Core: Fix JdbcCatalog to prevent dropping parent namespaces with children#16061
Core: Fix JdbcCatalog to prevent dropping parent namespaces with children#16061sagib1 wants to merge 3 commits intoapache:mainfrom
Conversation
| .isInstanceOf(NamespaceNotEmptyException.class) | ||
| .hasMessageStartingWith("Namespace parent_ns is not empty. Contains 1 child namespace(s)."); | ||
|
|
||
| // 3. Verify the namespaces still safely exist in the catalog |
There was a problem hiding this comment.
nit: I don't think we need to add numeric prefixes. We'd have to renumber them if we ever insert a new operation in the middle of the code. Comments might not even be necessary, since the current test code is already simple enough.
| List<Namespace> childNamespaces = listNamespaces(namespace); | ||
| if (childNamespaces != null && !childNamespaces.isEmpty()) { | ||
| throw new NamespaceNotEmptyException( | ||
| "Namespace %s is not empty. Contains %d child namespace(s).", | ||
| namespace, childNamespaces.size()); | ||
| } |
There was a problem hiding this comment.
Have you confirmed whether other catalogs that support nested namespaces are experiencing the same issue?
There was a problem hiding this comment.
Yes, I reviewed the other SupportsNamespaces implementations. This issue is unique to JdbcCatalog because it must manually emulate hierarchical path validation over a flat SQL table.
Other catalogs avoid this because they defer the drop operation to backends that enforce these constraints natively, or they structurally cannot support nested namespaces:
HadoopCatalog: In its dropNamespace implementation, it calls fs.delete(dir, false). By passing false for the recursive flag, it relies on the native Hadoop FileSystem to throw an IOException if any child directories (which represent sub-namespaces or tables) exist.
HiveCatalog: Its dropNamespace method delegates to HMS via client.dropDatabase(name, false, false, false) (where the final flag is cascade=false). The Hive Metastore natively throws an exception if the database is not empty. Furthermore, HMS structurally does not support nested namespaces.
GlueCatalog: AWS Glue only supports top-level databases. Iceberg's IcebergToGlueConverter.toDatabaseName enforces this by throwing a ValidationException if the namespace has more than 1 level, making this specific nested-drop edge case impossible.
NessieCatalog: Defers entirely to the Nessie API via api.deleteNamespace(). the logic simply sends a delete() request to the remote Nessie Server. Because Nessie is essentially "Git for Data," the Nessie server itself maintains the entire hierarchical tree of commits and references.
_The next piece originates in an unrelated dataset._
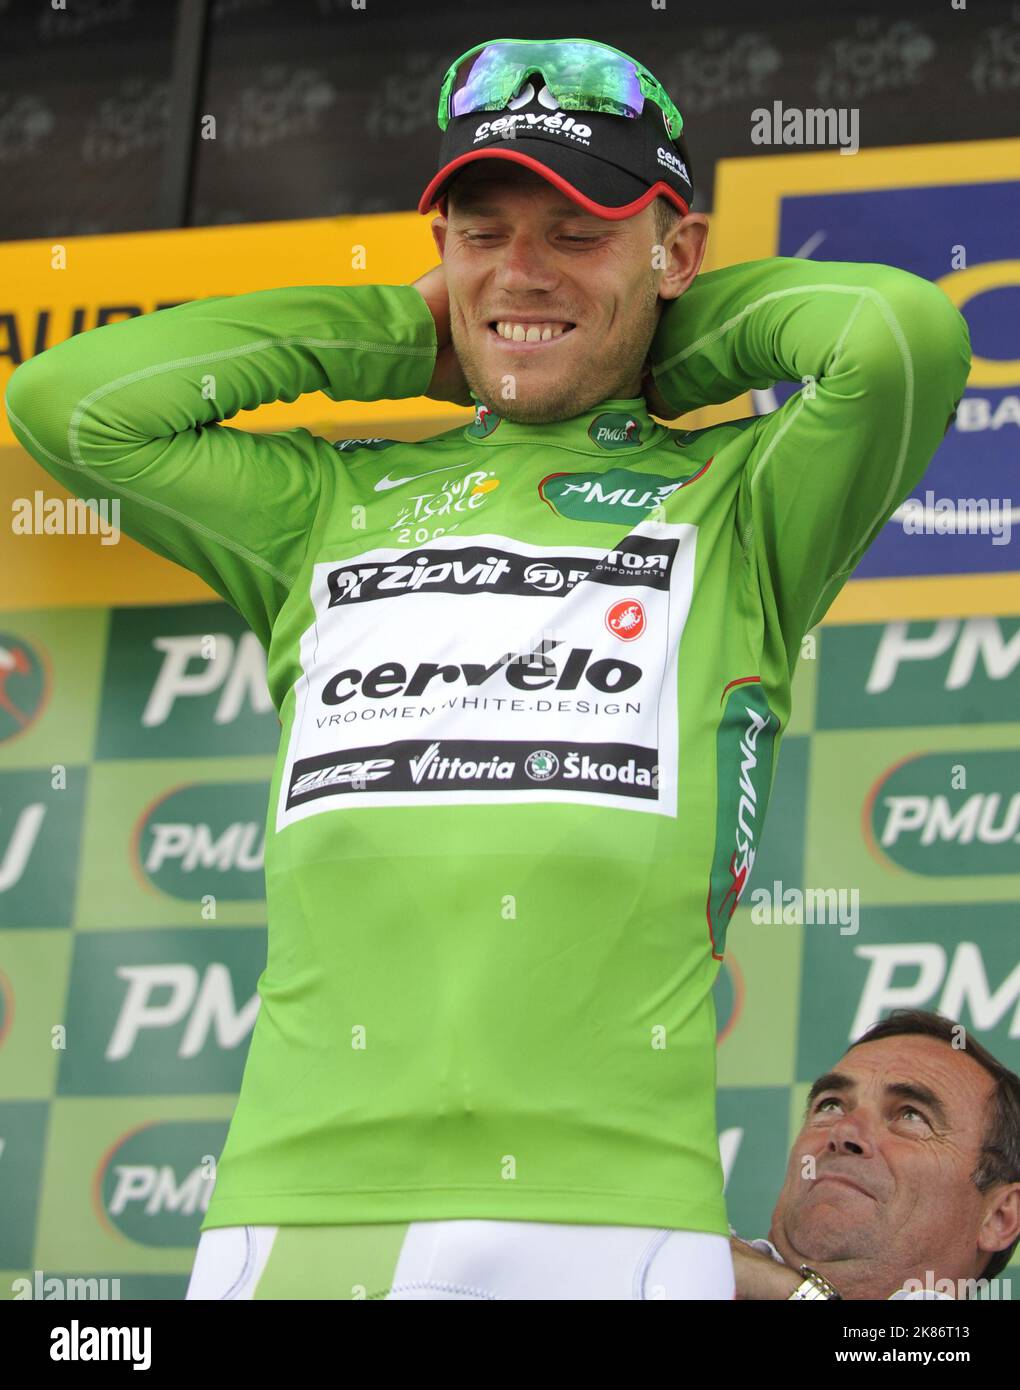 Thor Hishovd stands on the podium and receives the green points jersey Stock Photo

When the server receives the delete request, its internal engine traverses the commit tree. If it finds any active keys (whether they are tables, views, or child namespaces) under that path, the server rejects the request and throws a NessieNamespaceNotEmptyException back over the wire.
| } | ||
|
|
||
| @Test | ||
| public void testDropNamespaceWithChildNamespace() { |
There was a problem hiding this comment.
this test should go into CatalogTests next to testDropNonEmptyNamespace. You'll have to add an assumption so that it is only executes for catalogs where supportsNestedNamespaces() returns true. Also instead of childNamespaces let's rename the method to say nestedNamespaces
Summary
Solution for #16060
This PR fixes a bug in JdbcCatalog where a parent namespace could be dropped even if it contained child namespaces, provided the parent had no direct tables or views. This behavior violates the Iceberg REST OpenAPI specification, which requires that a namespace must be empty of both tables and child namespaces before deletion.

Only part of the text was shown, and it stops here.